1 - The number 11 jumper was rested in honour of Arthur Beetson in Game One, which marked the 100th State Of Origin game, with Chris McQueen wearing the number 18 jumper. Playing at prop forward, Beetson captained Queensland in the first ever State of Origin game at Lang Park in 1980 and wore the number 11 jumper.

==Under-20s==
New South Wales retained the Darren Lockyer Shield.

NSW: Clint Gutherson (Manly), Jake Mamo (Newcastle), Aaron Gray (South Sydney), Sione Mata'utia (Newcastle), Tyrone Phillips (Canterbury), Drew Hutchison (St George Illawarra), Mitchell Moses (Wests Tigers), Jake Trbojevic (Manly), Kaysa Pritchard (c) (Parramatta), Matthew Lodge (Wests Tigers), Jakiel Mariner (Sydney Roosters), Adam Elliott (Canterbury), Jack Bird (St George Illawarra). Res - Ryan Matterson (Parramatta), Pauli Pauli (Parramatta), Dean Britt (Melbourne), Rhys Kennedy (Canberra).
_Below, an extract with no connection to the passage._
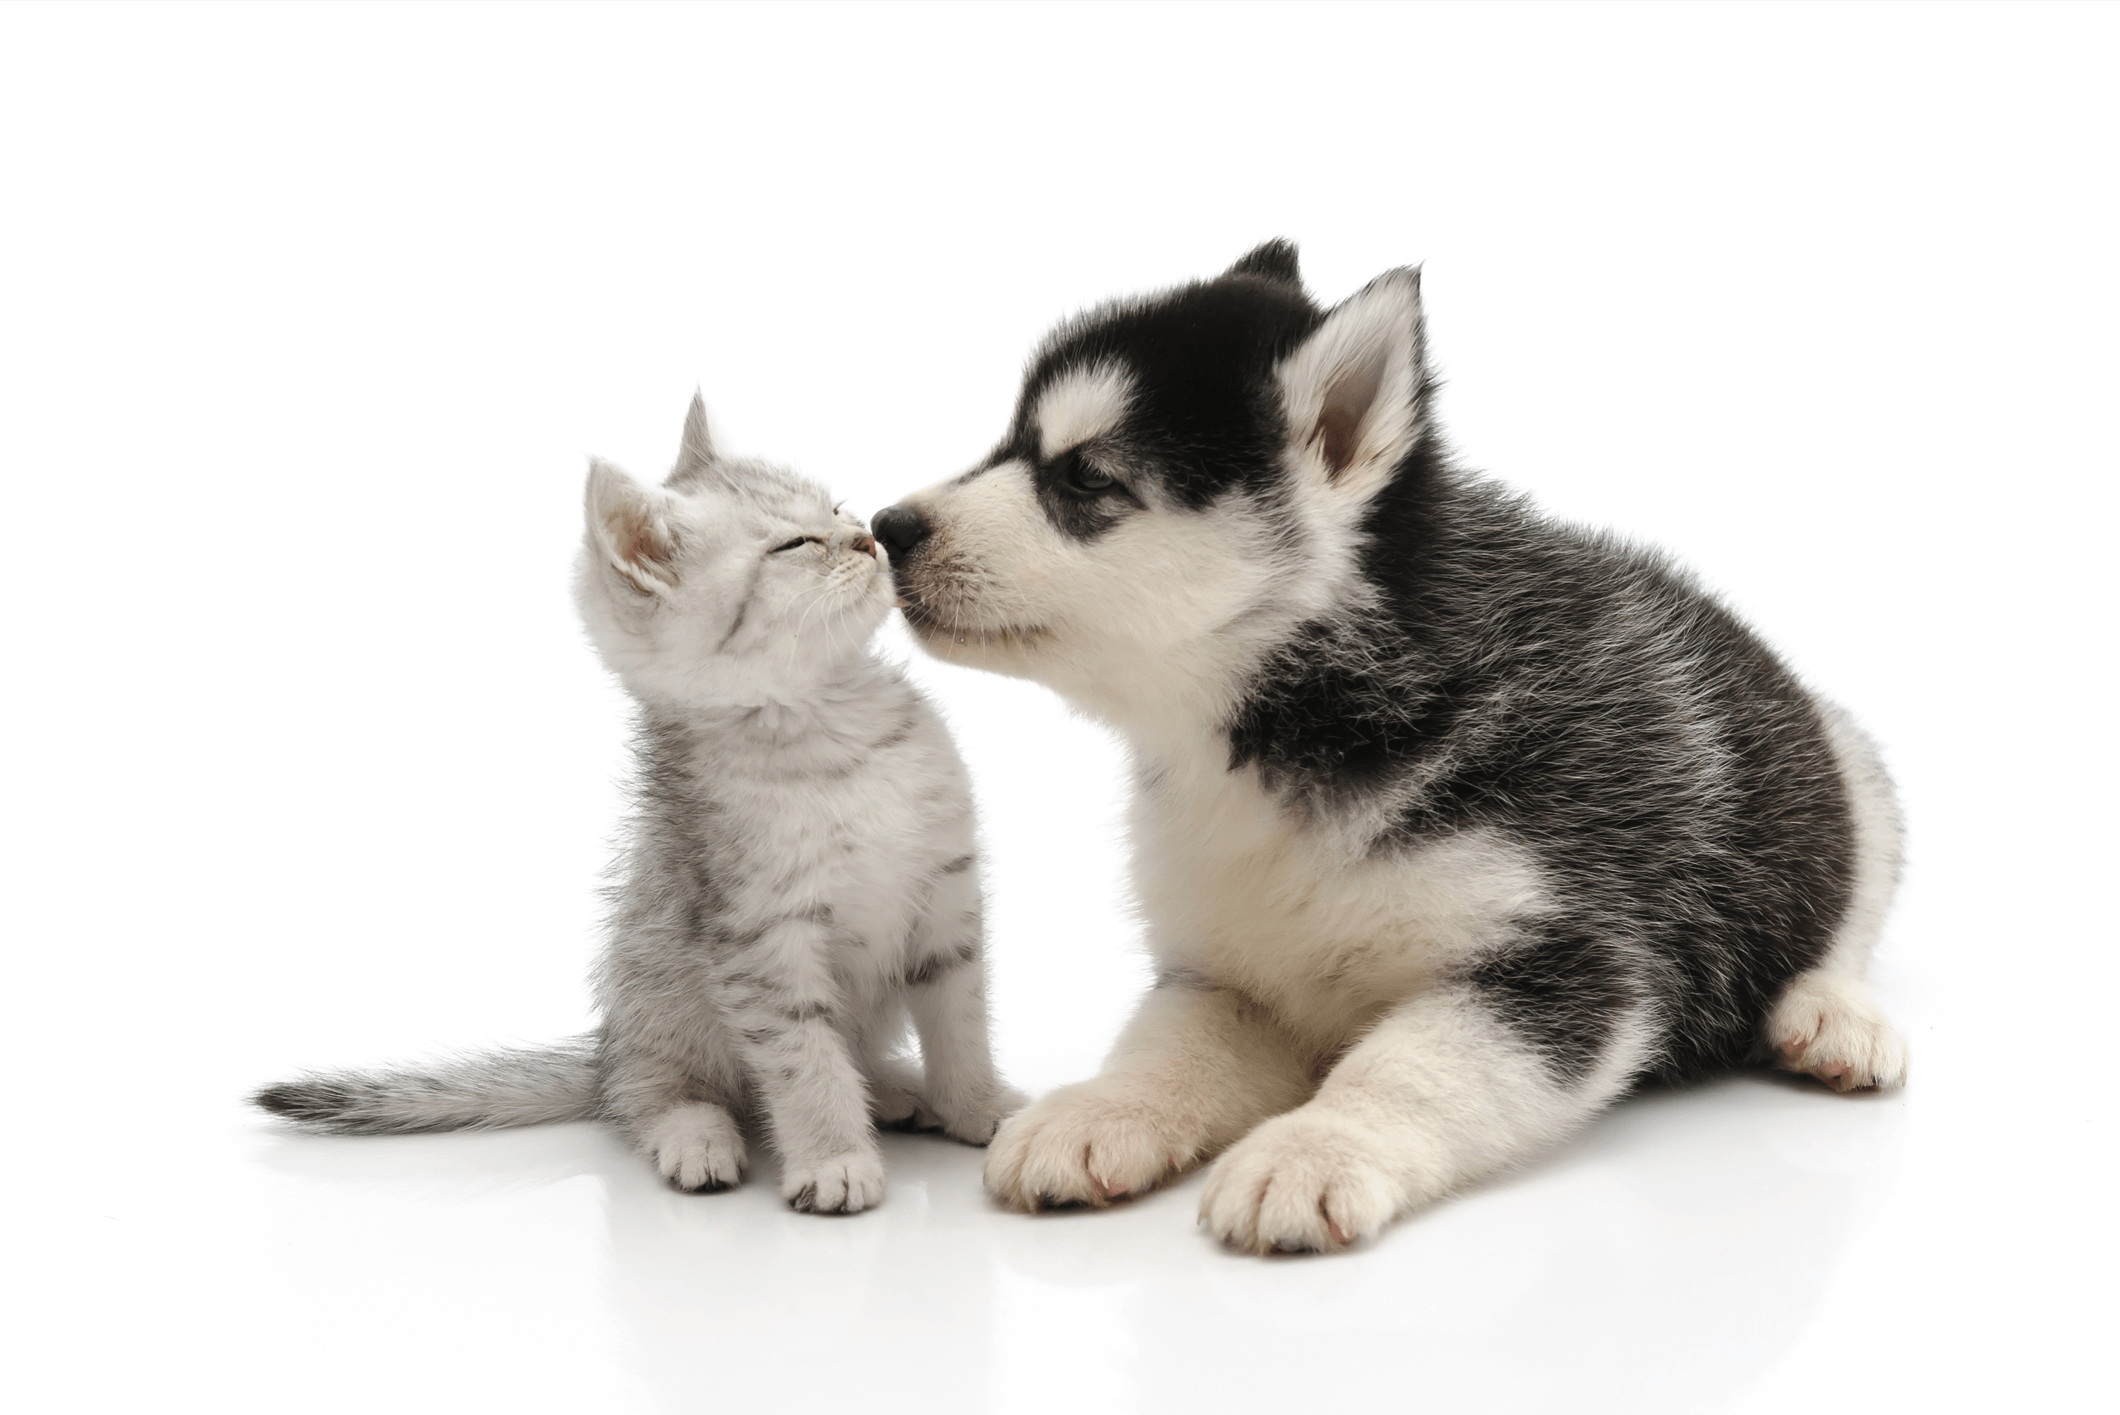 Puppy and Kitten Wellness

Qld: Valentine Holmes (Cronulla), Nene MacDonald (Sydney Roosters), Brenko Lee (Canberra), Brendan Elliot (Sydney Roosters), John Folau (Parramatta), Anthony Milford (c) (Canberra), Jaelen Feeney (Newcastle), Lloyd Perrett (Canterbury), Kieran Moseley (Penrith), Christian Welch (Melbourne), Brett Greinke (Brisbane), Patrick Mago (Canberra), Luke Bateman (Canberra). Res - Cameron Munster (Melbourne), Francis Molo (Brisbane), Ajuma Adams (Brisbane), Joe Ofahengaue (Brisbane).